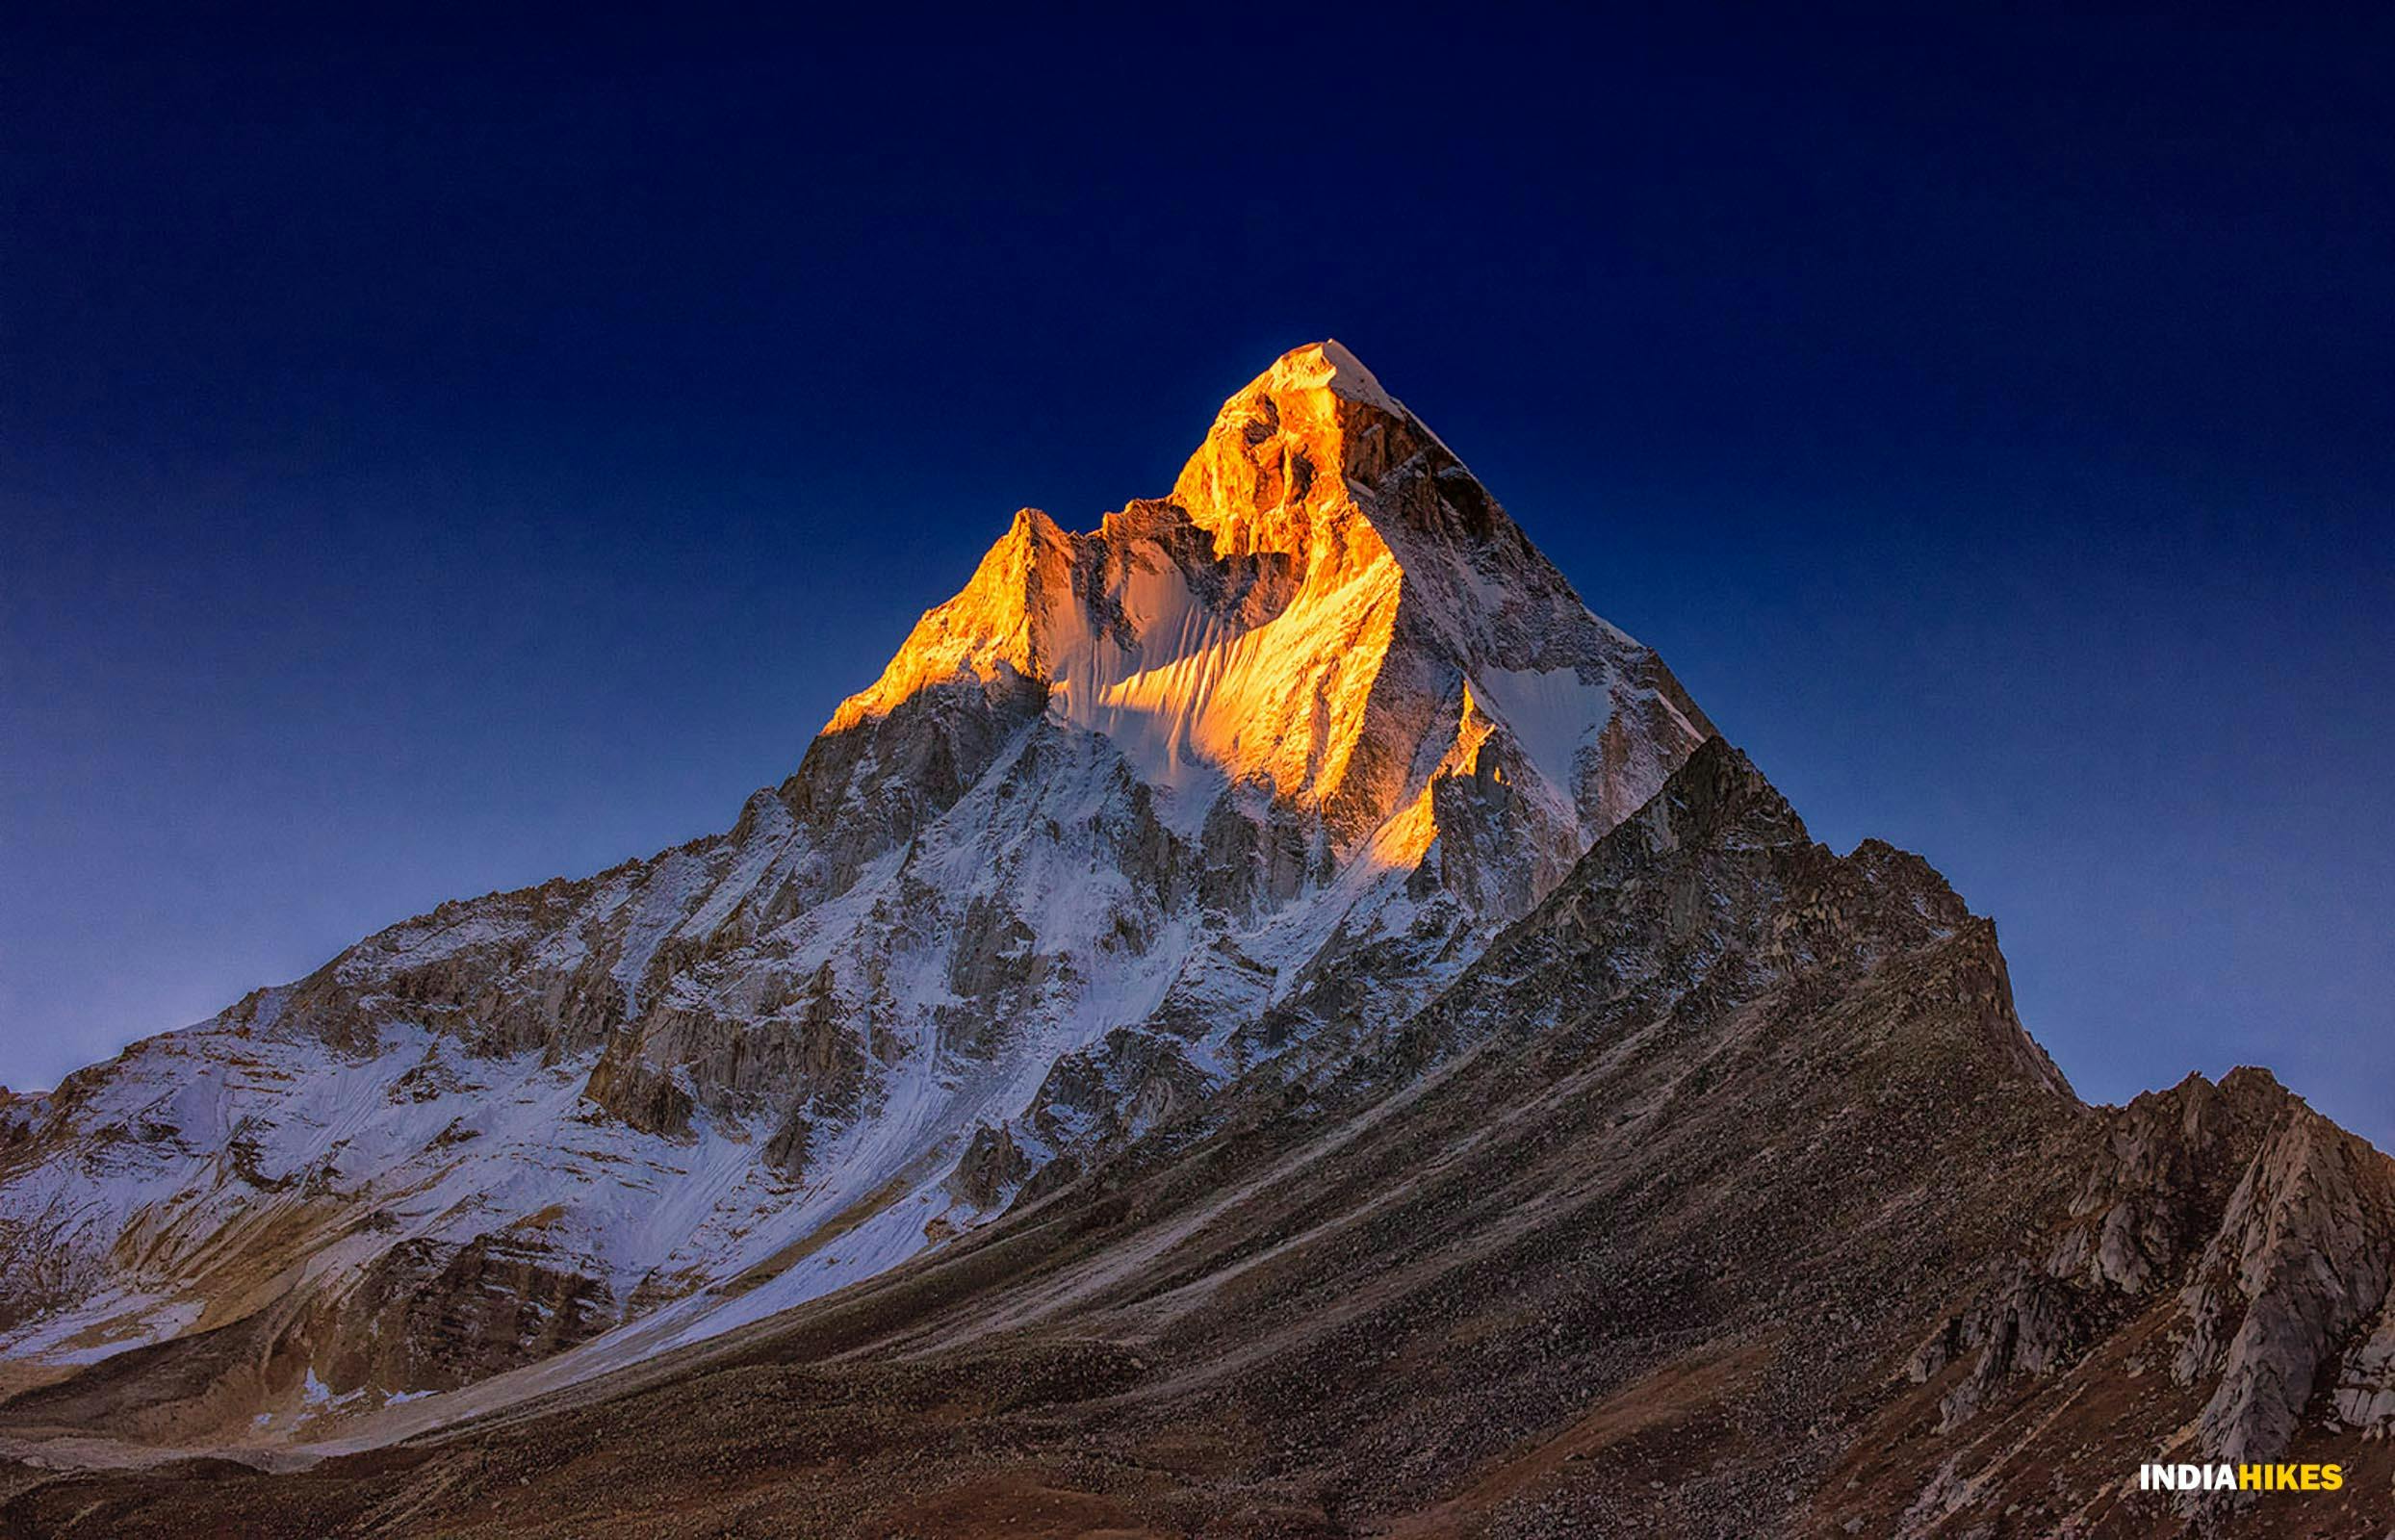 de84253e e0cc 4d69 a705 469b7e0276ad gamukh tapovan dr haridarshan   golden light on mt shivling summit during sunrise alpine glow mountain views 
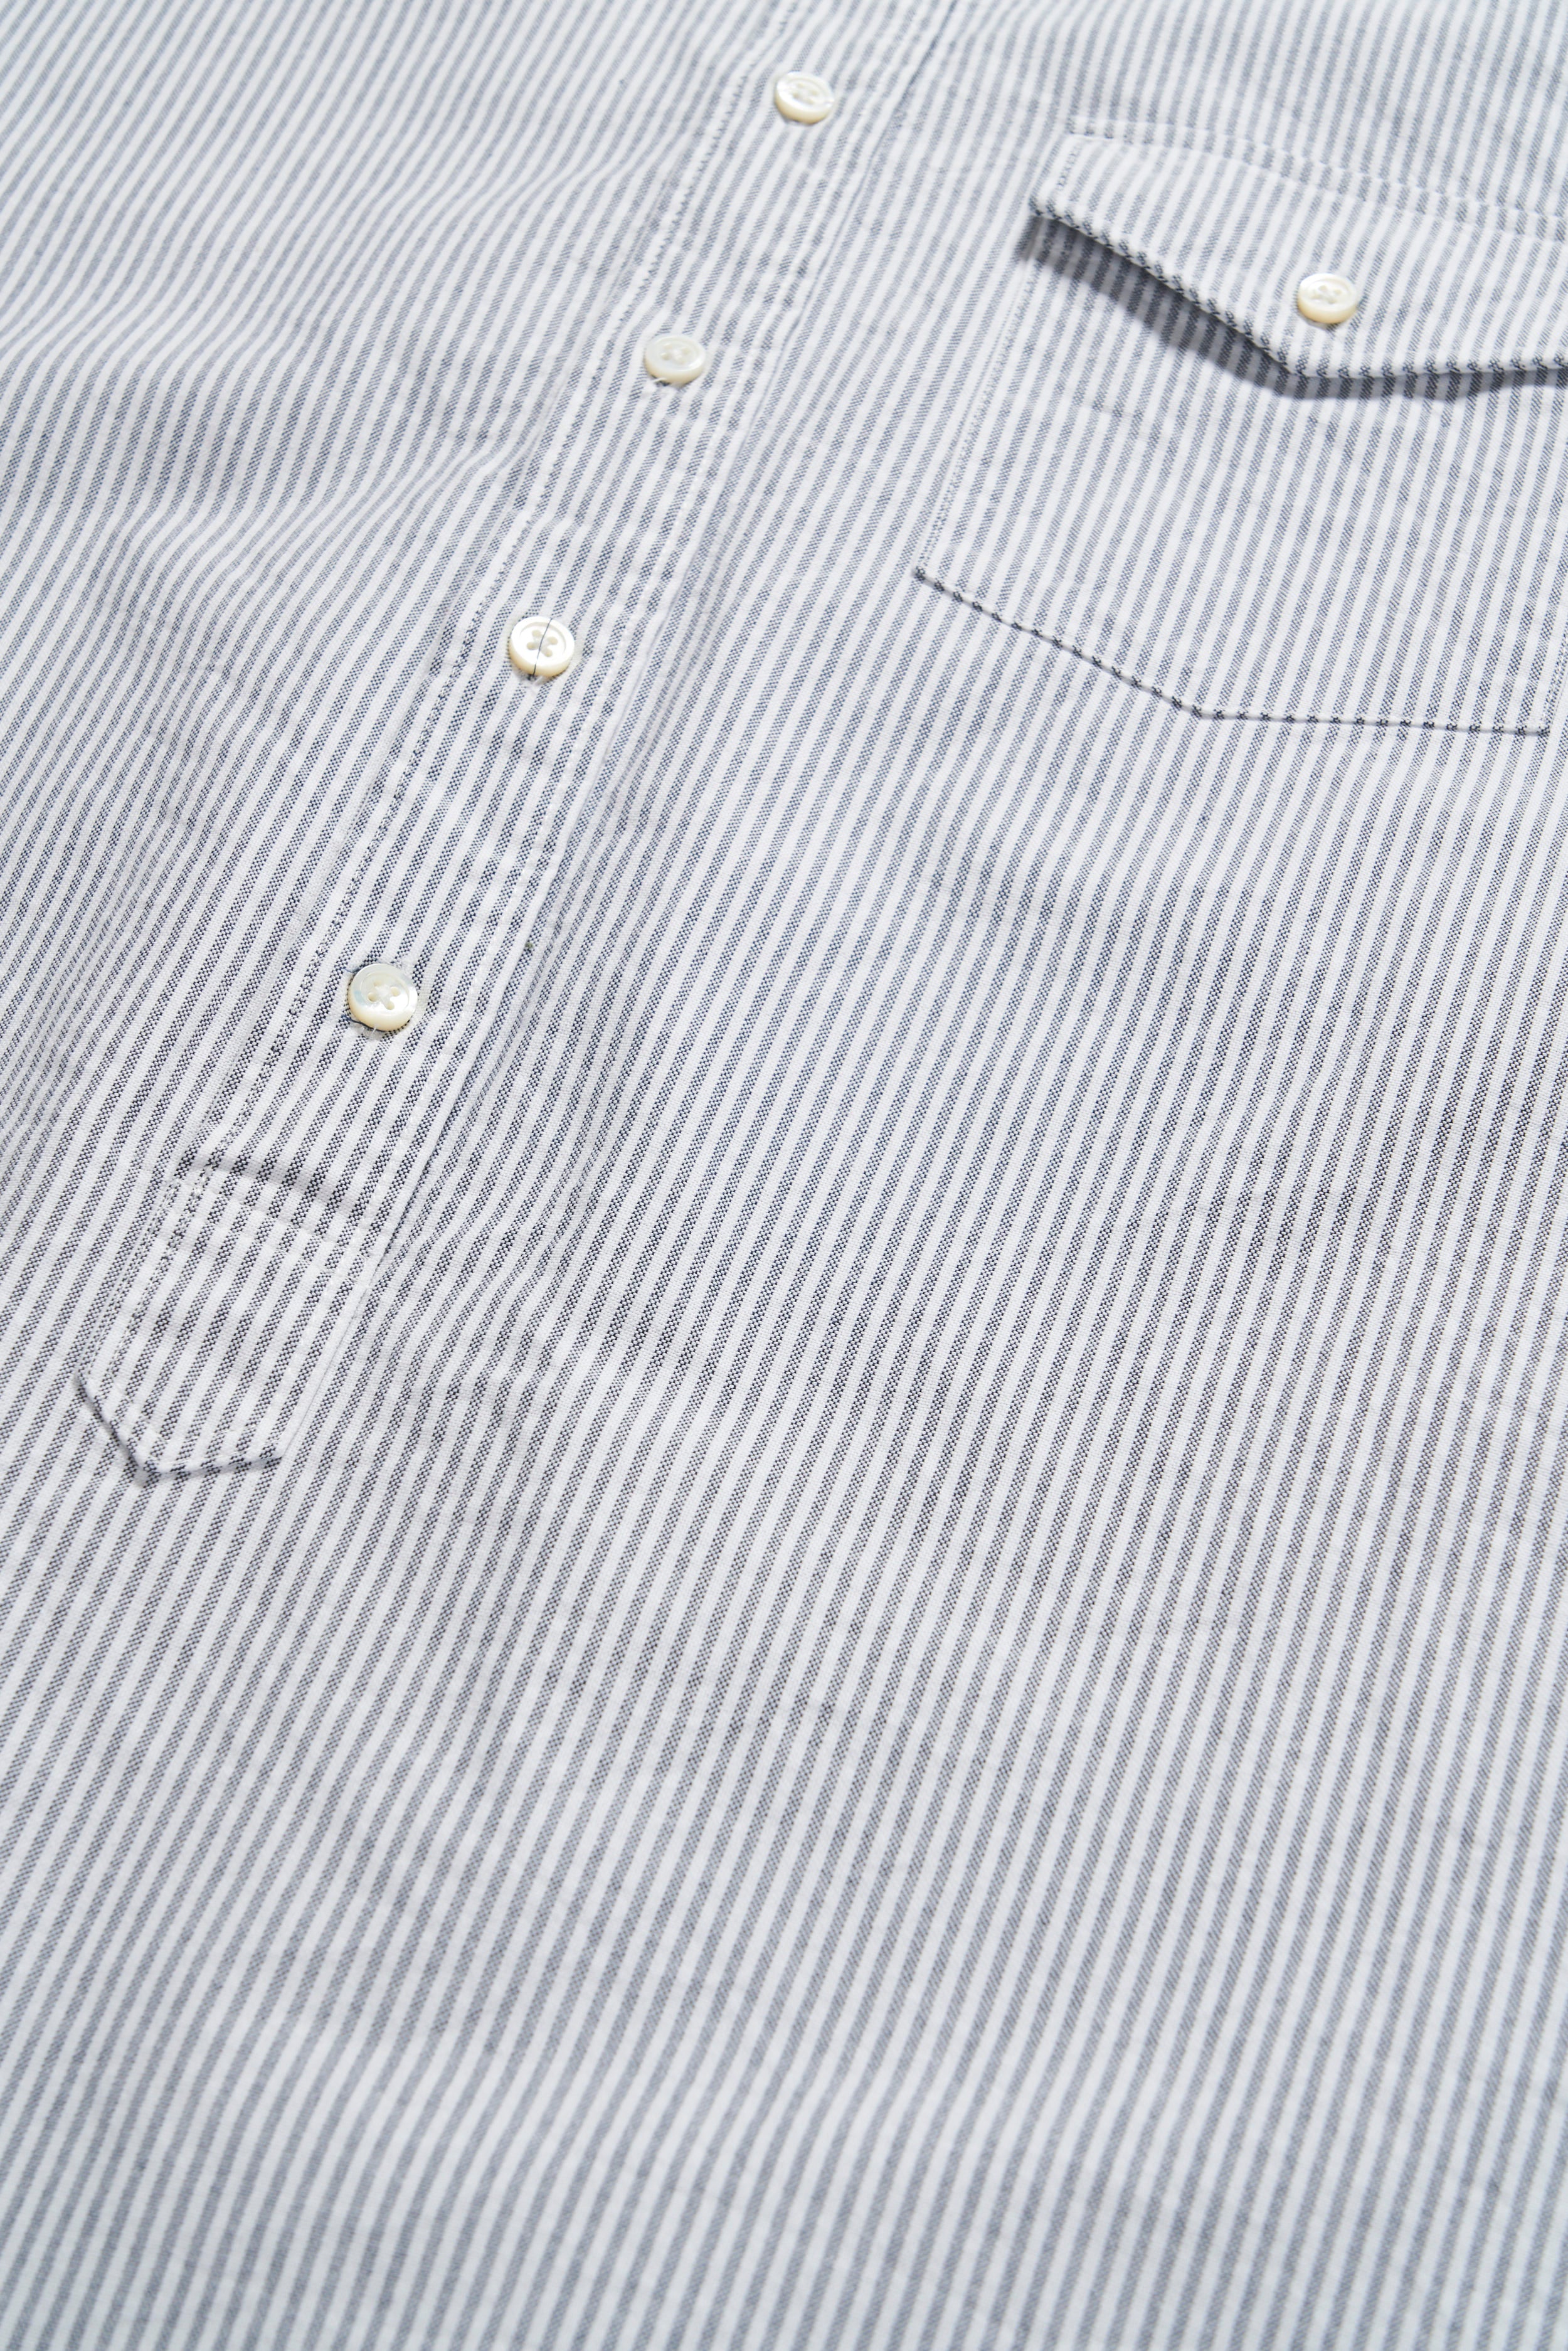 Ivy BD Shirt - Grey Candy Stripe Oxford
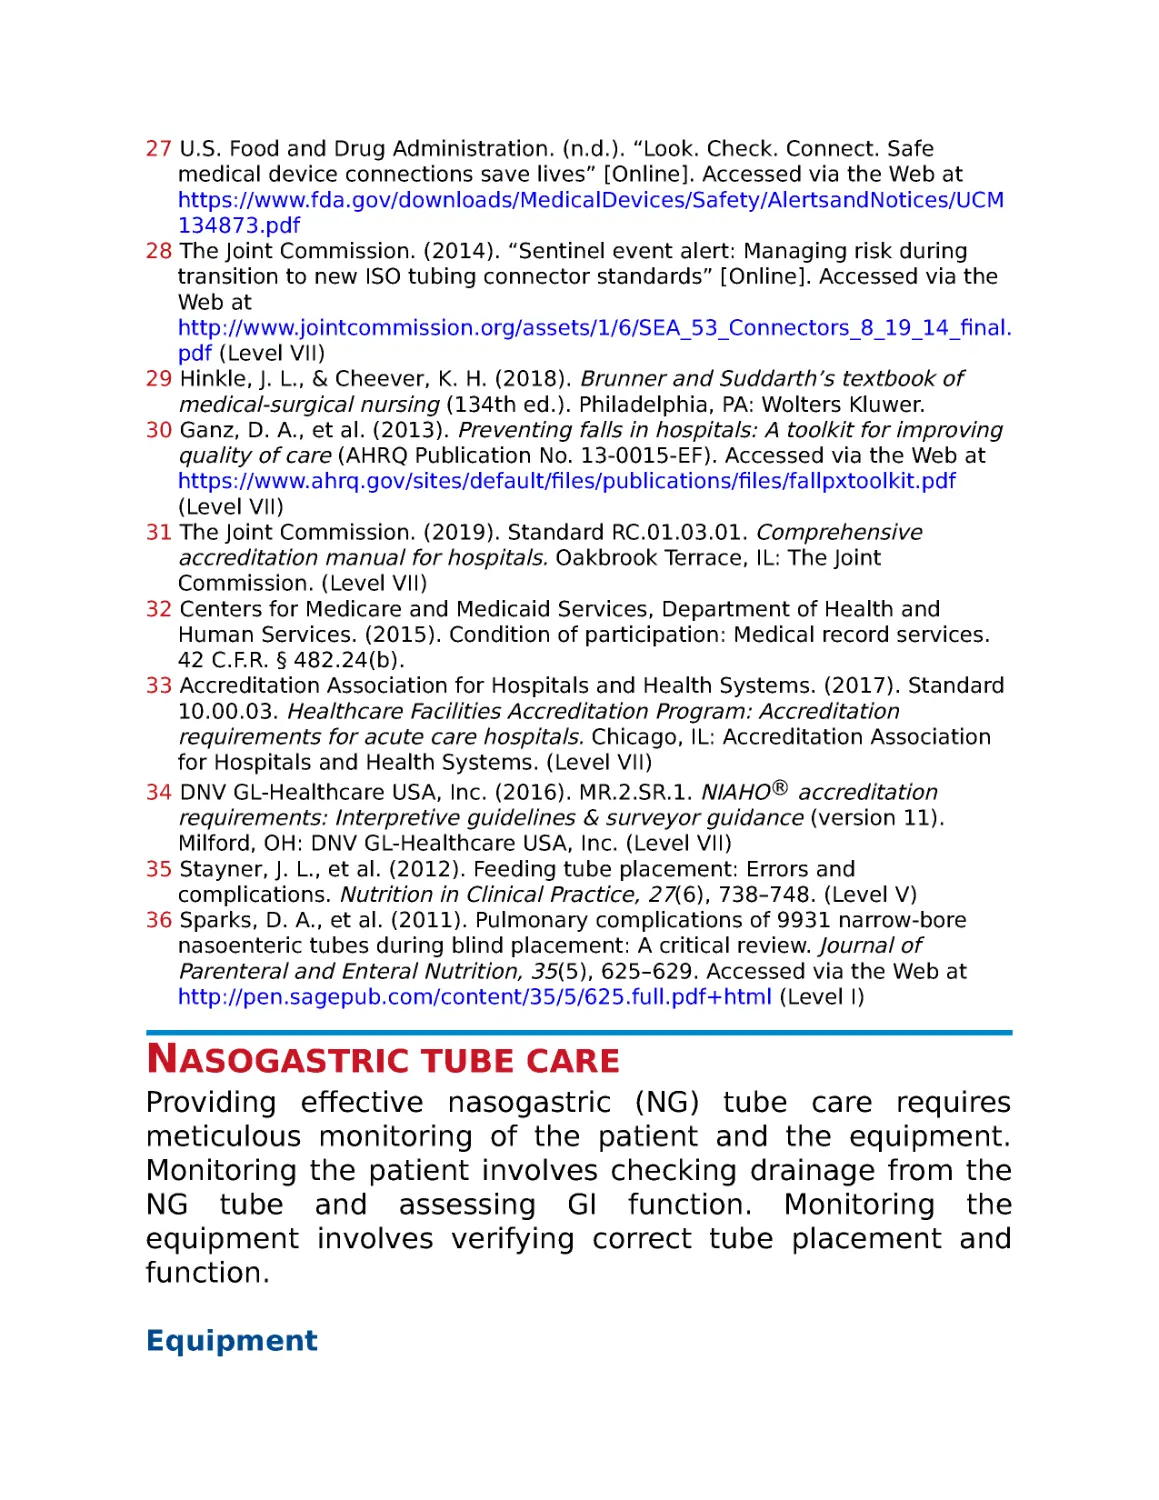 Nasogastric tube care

> [Work instruction]: Take the line containing "Ivy BD Shirt - Grey Candy Stripe Oxford" and all lines after it to the end of the data above, and reproduce them exactly, leaving out pictures. Nothing else belongs in the copy.

> [Reply to the task]:
 Ivy BD Shirt - Grey Candy Stripe Oxford
 Nasogastric tube care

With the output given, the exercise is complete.